Funfact: Ich habe mich in den letzten Jahren viel um Einbahnstraßen gekümmert: Zweitbeste Einzelnote für Dortmund hierfür. Um Baustellen habe ich mich zuletzt nicht wirklich gekümmert. Schlechteste Einzelnote, obwohl ganz selten leichte Verbesserungen erkennbar sind.

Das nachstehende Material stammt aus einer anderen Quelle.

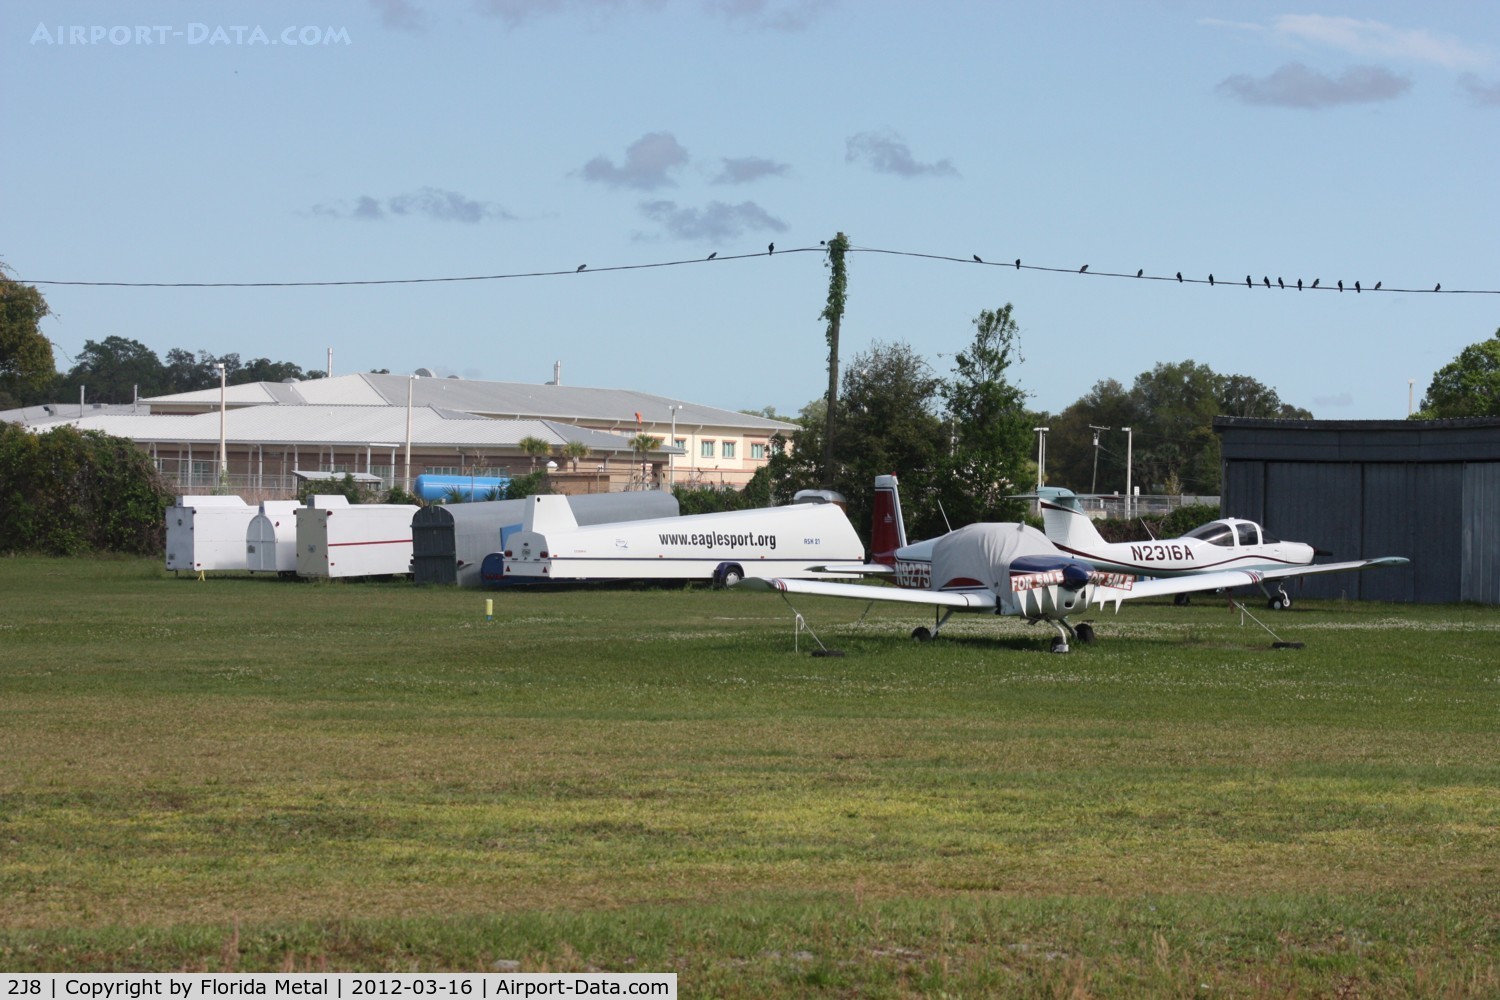 Pierson Municipal Airport (2J8) - Airport so small it doesn't have any buildings, just a few glider trailers
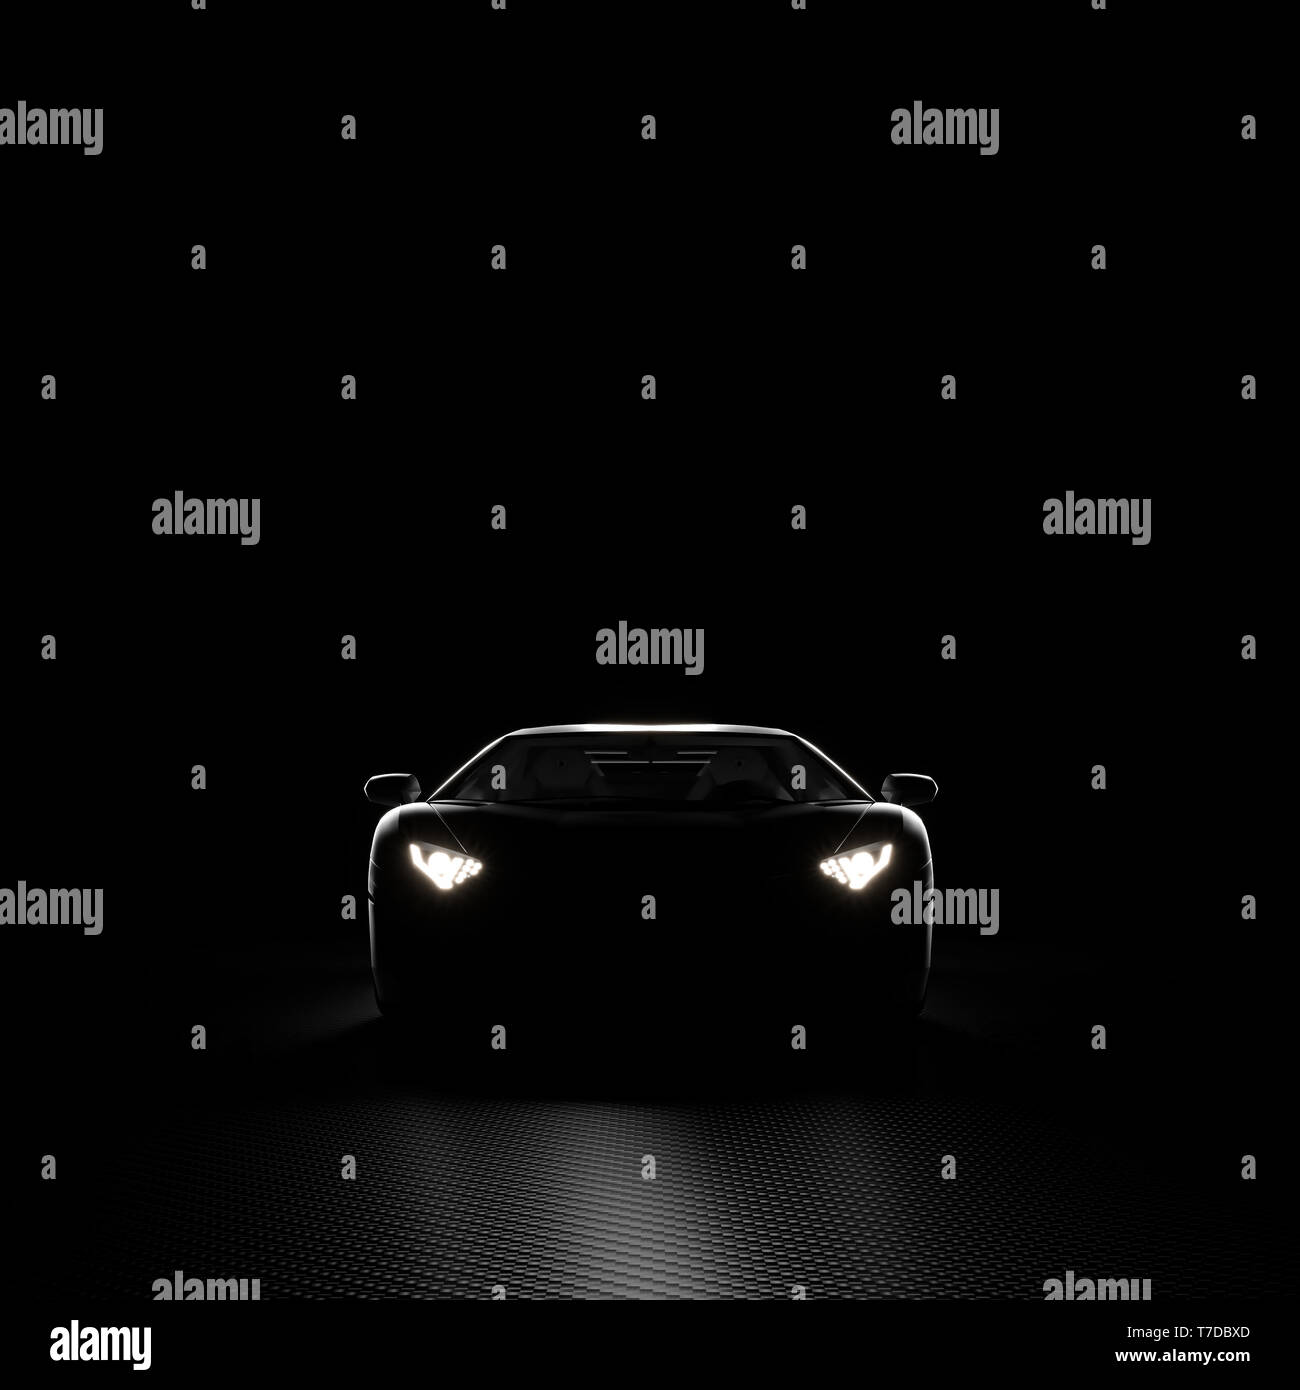 3d render image of a sports car with its headlights on. Dark background with carbon fiber texture. Front view. Stock Photo

OB und die zuständigen Dezernenten waren im Laufe des Nachmittags und Abends für ein Statement zu dem ihnen ausgestelltem Zeugnis nicht zu erreichen. Während das Ergebnis eher nahelegt, dass die Stadt bisher etwas falsch macht, sagt Schön: „Der Fahrradklimatest bestärkt uns, bei der Radverkehrsförderung nicht nachzulassen.“ In einer ersten Einschätzung hat die Stadt auch Punkte identifiziert, wo sie mehr machen will: „Es gilt gerade in den Feldern, in denen Dortmund gegenüber vergleichbaren Städten schlecht abgeschnitten hat (z.B. Erreichbarkeit Stadtzentrum, zügiges Radfahren, Radwegezustand), durch die Velorouten in den nächsten Jahren deutliche Verbesserungen zu erzielen. Der Zustand der vielen Radwege im Bestand wird künftig verstärkt kontrolliert und verbessert. Eine moderner Grundlage, um in Zukunft gezielter und besser Mängel erkennen und beseitigen zu können, wird in Dortmund in diesem Frühjahr fortgesetzt: Ein mit Messtechnik ausgestattetes Quad wird Radwege, die in der Baulast des Tiefbauamtes liegen, abfahren und erfassen. 2021 wurden bereits Straßen, Fuß- und Radwege von Messfahrzeugen digital erfasst. Nun folgen rund 200 km straßenferne Wege, die nicht parallel zu den Straßen verlaufen und als Radwege genutzt werden. Das Verfahren (nach der Richtlinie ZTV-ZEB-StB), das hier zur Anwendung kommen wird, ist sehr genau und wird in Zusammenarbeit mit dem Vermessungs- und Katasteramt ein modernes Straßen- und Radwegekataster ergeben, das mit dem Infrastrukturmanagementsystem des Tiefbauamtes gekoppelt sein wird.“ Ein erster Schritt, dem weitere Schritte im Unterhalt folgen müssen. Ob die Fahrzeuge angesichts der Breite der (Rad)wege (Note 5,2) überhaupt überall fahren können? Es bleibt spannend. Außer das Abschneiden beim nächsten Fahrradklimatest, vermutlich zwischen 4,0 und 4,5 bei unveränderter Methodik und Politik.